Probably you all (y'all) think the Americans don't know anything about the typical Dutch sport korfball. And you're right, they don't. Most of them. But there is one exception: the group that played korfball during the late seventies and the eighties. Team USA participated at world championships and was the revelation of the World Games in 1985. They upset the international world of korfball (which by then was basically just The Netherlands and Belgium) and won the bronze medal.
Chris 'Cheeks' Frederick was a member of the team who competed at that World Games. "Most of us were converted basketball players. We knew the idea of man to man defense, we knew the idea of moving without the ball, but not being able to dribble was tough and then off course shooting on the eleven and a half foot basket; that was a challenge for us." USA surprised England and West-Germany at a penalty shoot-out for the bronze. "I remember I took the first one and put the pressure on the other teams."
In the Netherlands korfball is played in the typical clubs structure of the country. A structure that is not known in the United States. Cheeks: "Korfball was played in colleges. In Tulsa, Oklahoma and Houston, Texas and Oregon State, they had korfball clubs. It started to die out when our generation started to age out, so we're hoping younger people picking it up again, because it's a great co-ed sport. We have the athletes to be good at korfball."
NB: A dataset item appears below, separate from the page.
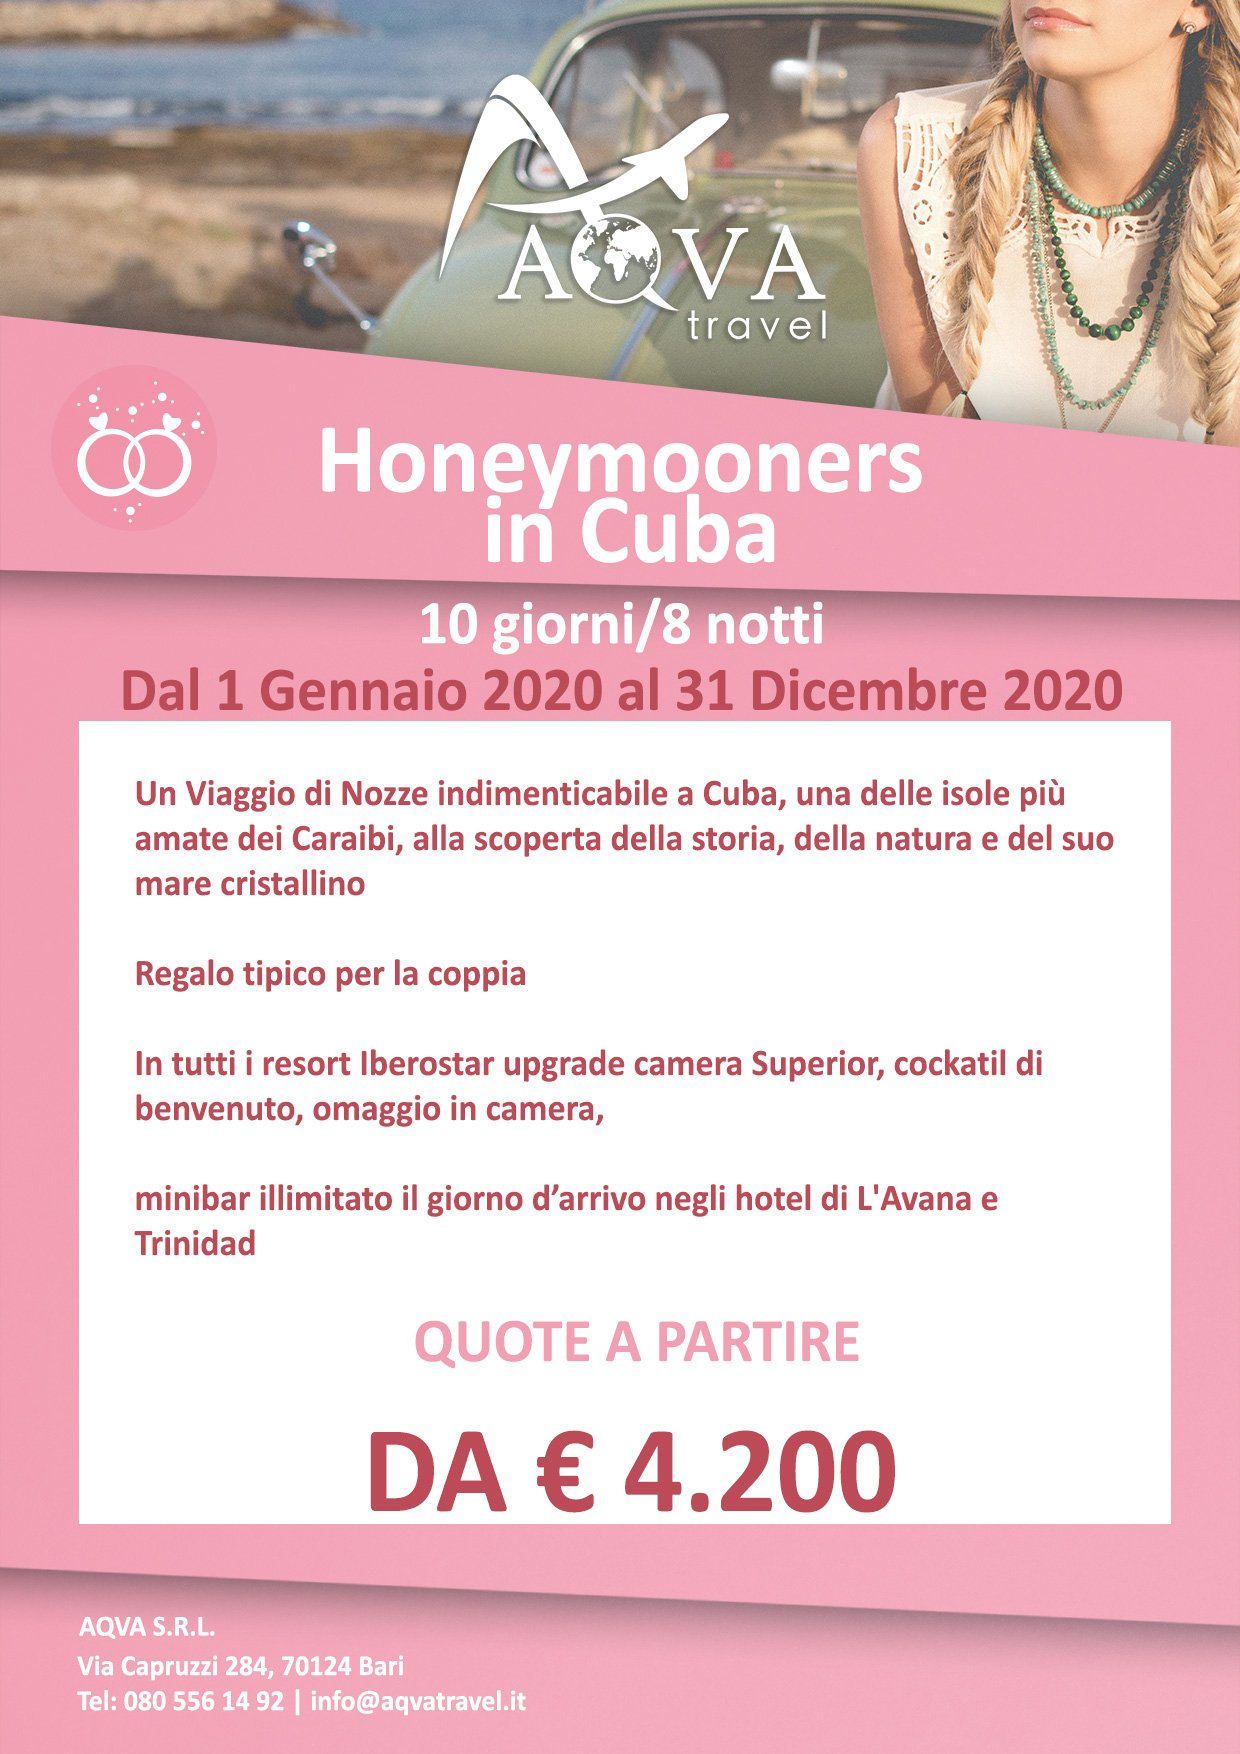 Honeymooners-in-Cuba-VIAGGI-DI-NOZZE-offerte-agenzia-di-viaggi-Bari-AQVATRAVEL-it

Back in 1985 Cheeks Frederick was chosen in the all star team by the IKF. An election he is proud of. "I take that as a very high honour", he says with a big smile on his face. "Hey, it really happened, it's in print, it's not something someone made up, so I'm very grateful for that." The group of korfball players from 40 years ago is invited at the day of the semi-finals at the World Games in Birmingham. It's a little reunion and there is an official moment at the Birmingham Jefferson Convention Center. "We got a beautiful certificate, a recognition of achievements given by the IKF of us winning the bronze medal back in the days. We are really thankful the federation looks after older athletes like us."